На некоторое время Полина зависла, глядя не него. Слишком… слишком много всего. Горячего, бурного, бьющего наотмашь. В то время как она даже последние свои гавани потеряла.
Только и осталось, что этот чужой, в сущности, мужик, продолжающий испытывать чувство необъяснимой ответственности по отношению к ней. Когда он брал на себя обязательства, то выполнял их до самого конца. Вот и она теперь – обязательство.
Но ведь с чужими есть шанс забыться, верно?
- И что я там буду делать? – облизнув губы, медленно спросила Полина.
- Не думать. Там с этим попроще будет.
- Я – дура, да?
- Ты – мой любимый заблудившийся ребенок, Поля. Всегда им была.
- Но я не с тобой, - уточнила она.
Стас негромко рассмеялся и закатил глаза.
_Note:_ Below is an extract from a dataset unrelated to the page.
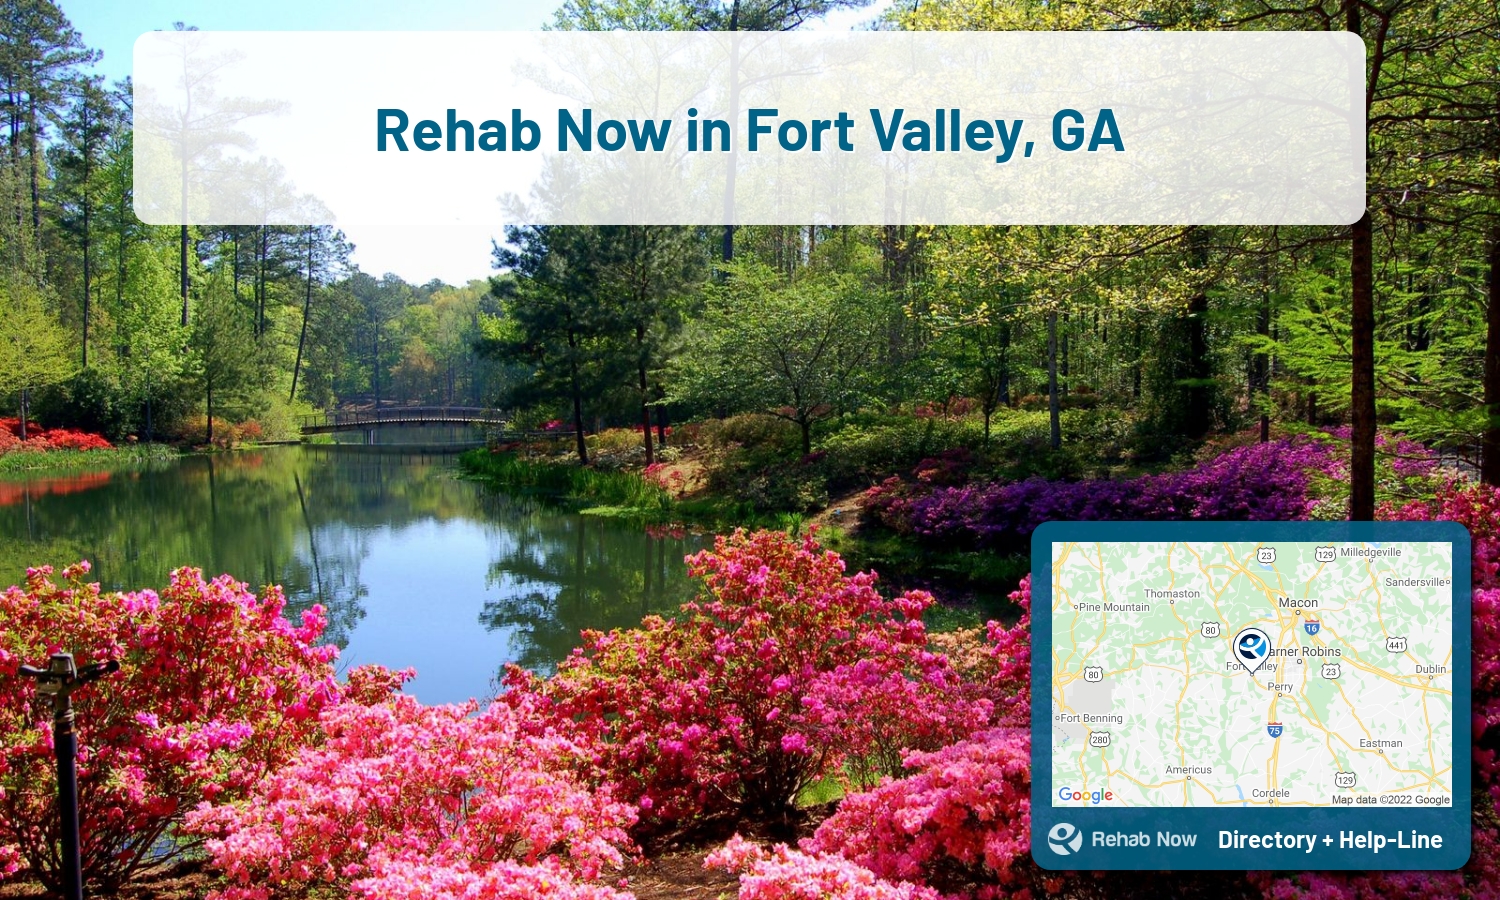 Drug rehab and alcohol treatment services nearby Fort Valley, GA. Need help choosing a treatment program? Call our free hotline!

Потом легко похлопал ее по ладони и мягко сообщил:
- Не такое уж ты сокровище. Я Лёньке обещал тебя привезти. С ним – согласна?
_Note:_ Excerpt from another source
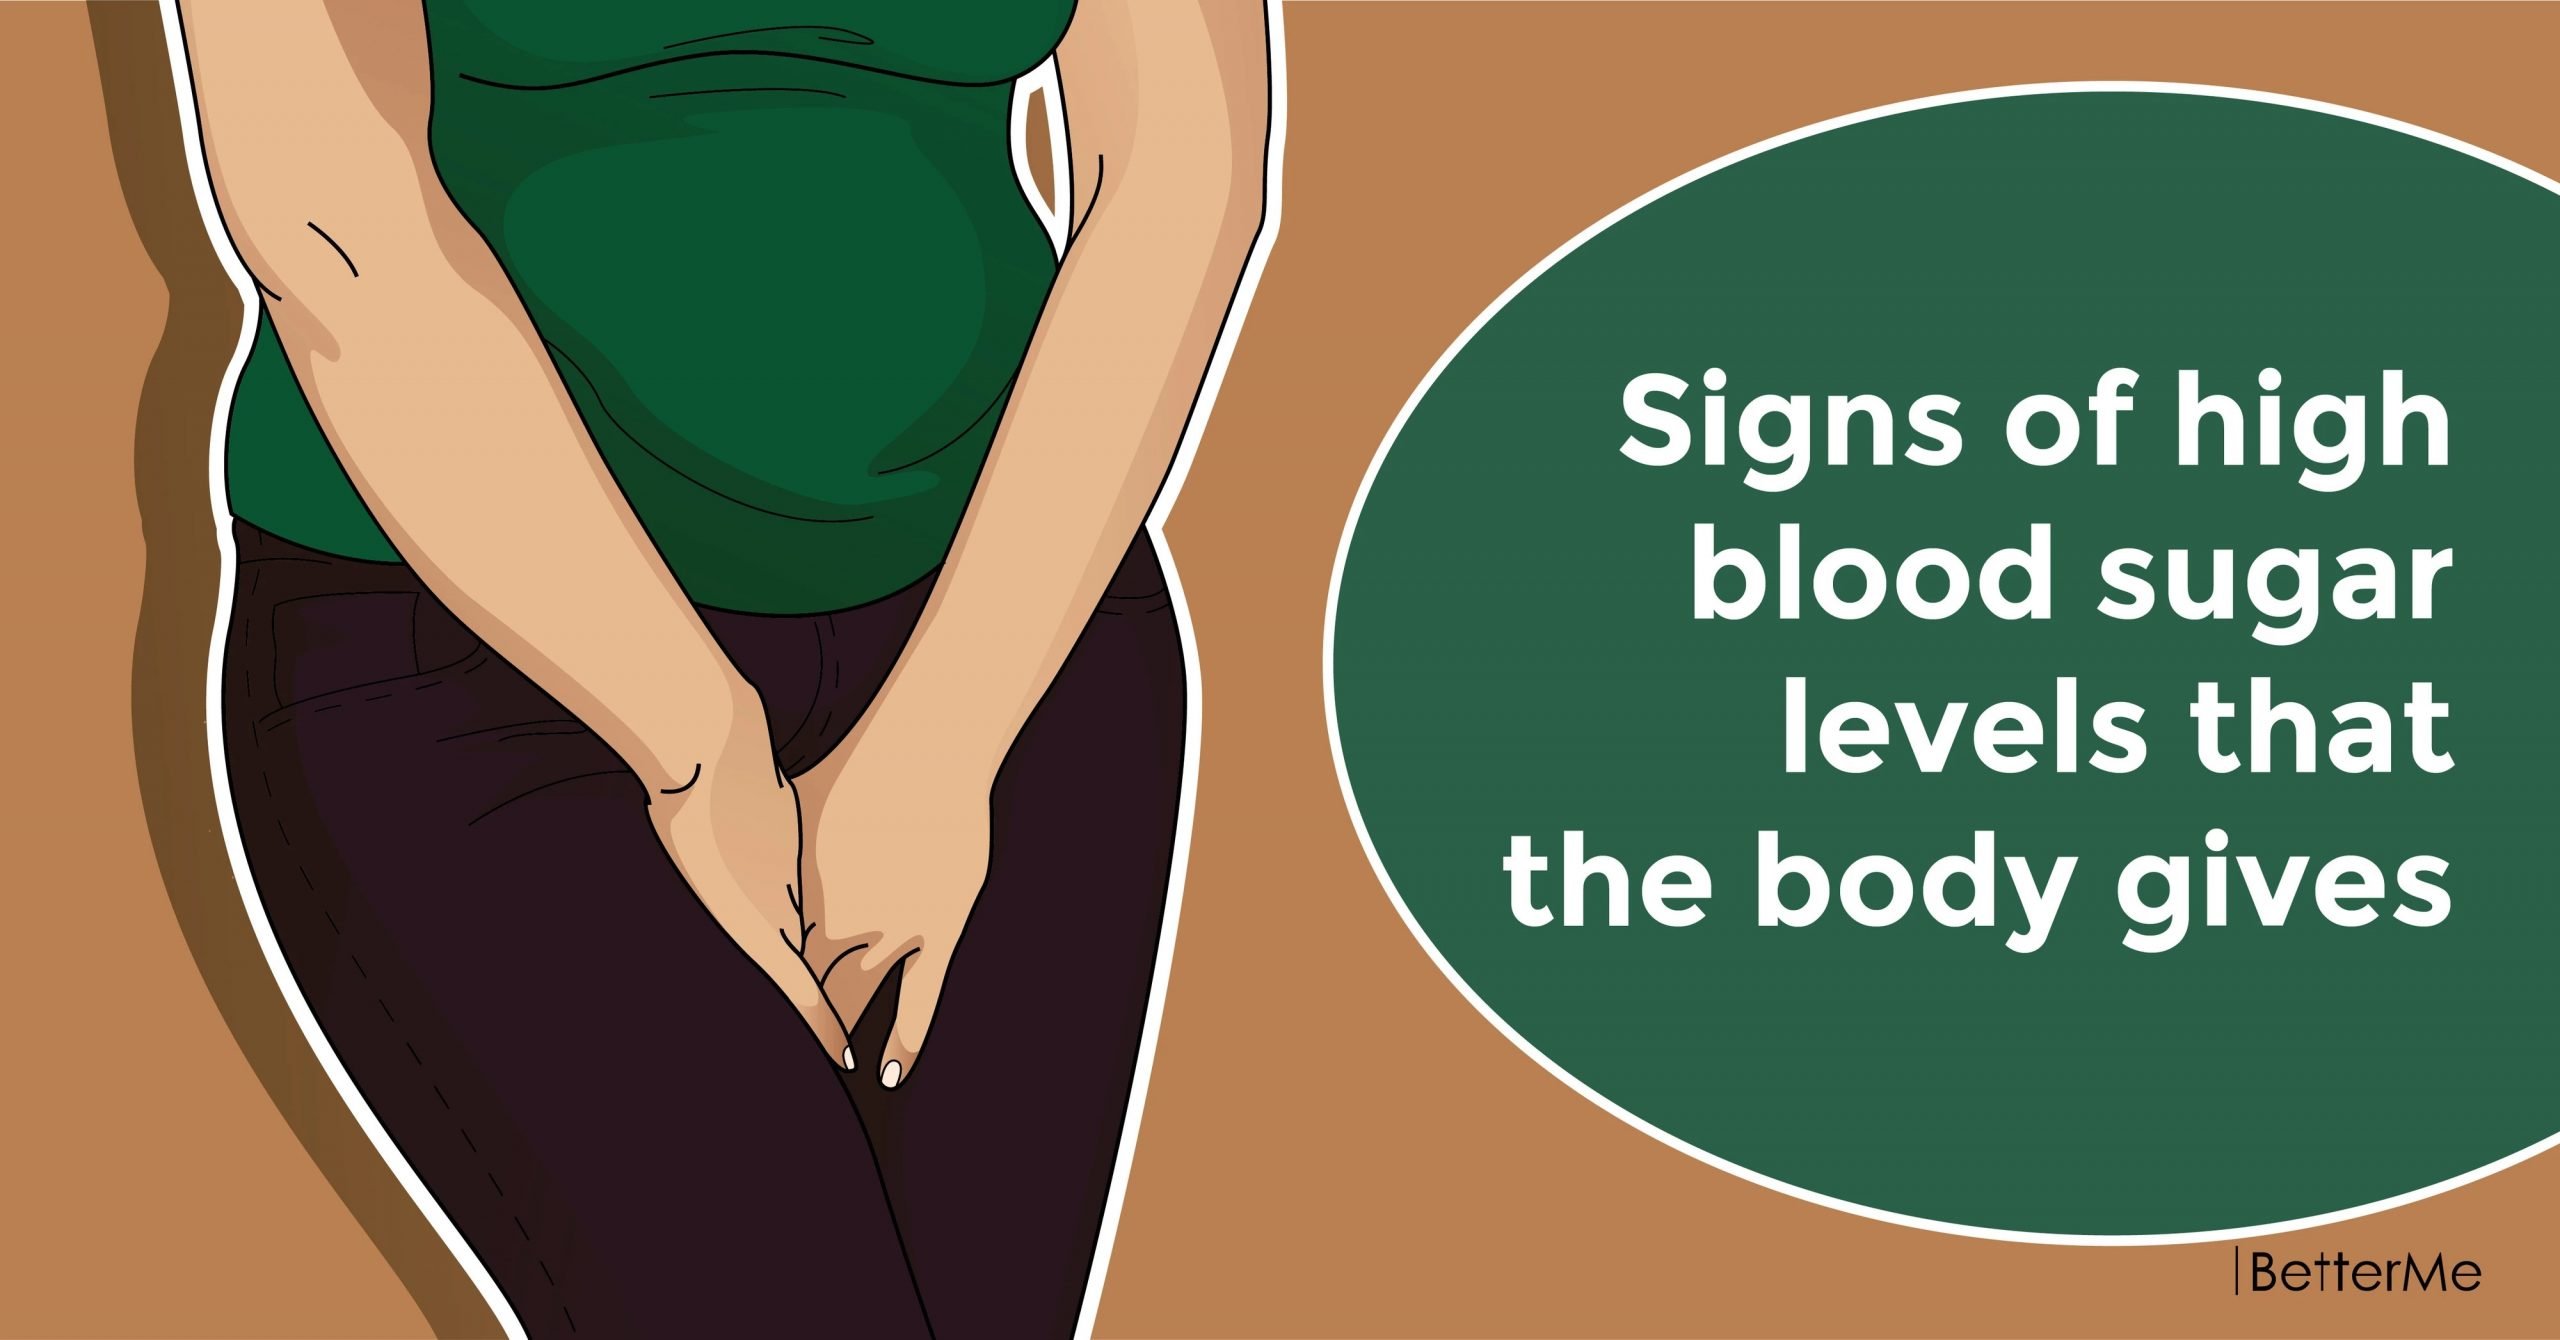 Signs of high blood sugar levels that the body gives

- Да какое я сокровище, - отмахнулась она и хохотнула: - Стекляшка… Я точно тебе не помешаю?
- Если ты не возьмешь с собой Павлинову, то не помешаешь.
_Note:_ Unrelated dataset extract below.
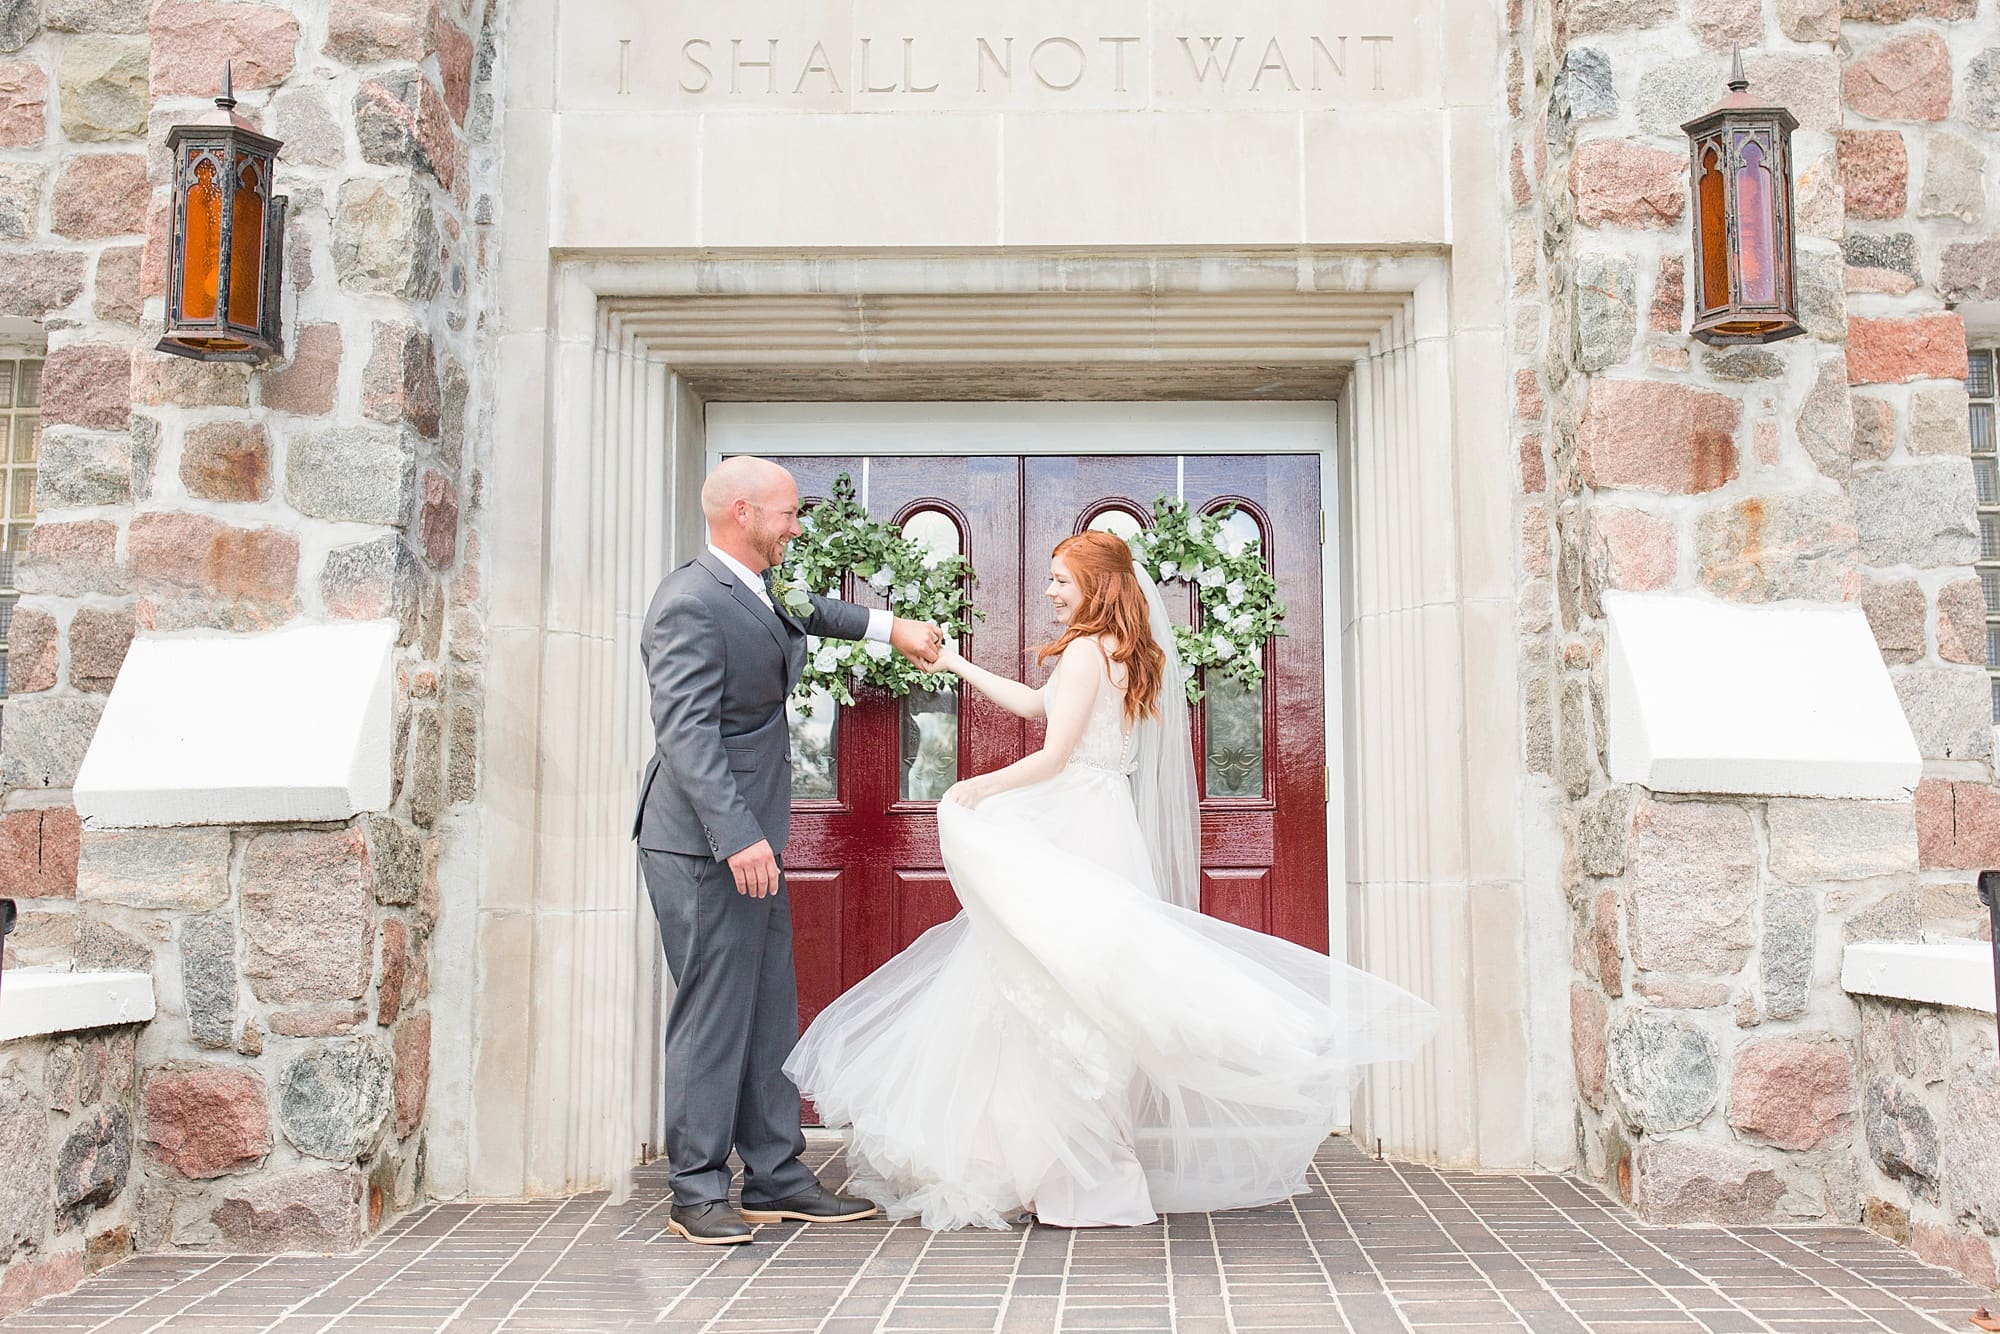 A bride and groom dance outside the front doors of their small town wedding church

- У Лёльки любовь. Ей не до меня.
- Тогда собирай вещи. Я беру тебе билет, и мы улетаем утром. Мне, правда, в Одессу придется возвращаться в июле, но квартира будет в твоем распоряжении, сколько захочешь.
- А у меня в августе концерт. Перед ним – репетиции...
- С Иваном?
Полина кивнула. Стас снова молчал. Ладони ее не выпускал. О чем думал, по лицу его видно не было. А потом поднял ее кисть и легко поцеловал пальцы.
- Позволь себе передышку, Поль. Просто один раз позволь себе передышку, а то снесет предохранители.
И она сделала так, как велел Стас.
Он всегда знал, как правильно.
Это и привлекало, и отталкивало одновременно. Но сейчас Полина и впрямь нуждалась в передышке и в том, чтобы за нее кто-то думал и решал. Не потому что боялась за свои предохранители, а потому что их уже не было в помине. Выбило. Нечего стало хранить. Даже воспоминания насквозь фальшивые.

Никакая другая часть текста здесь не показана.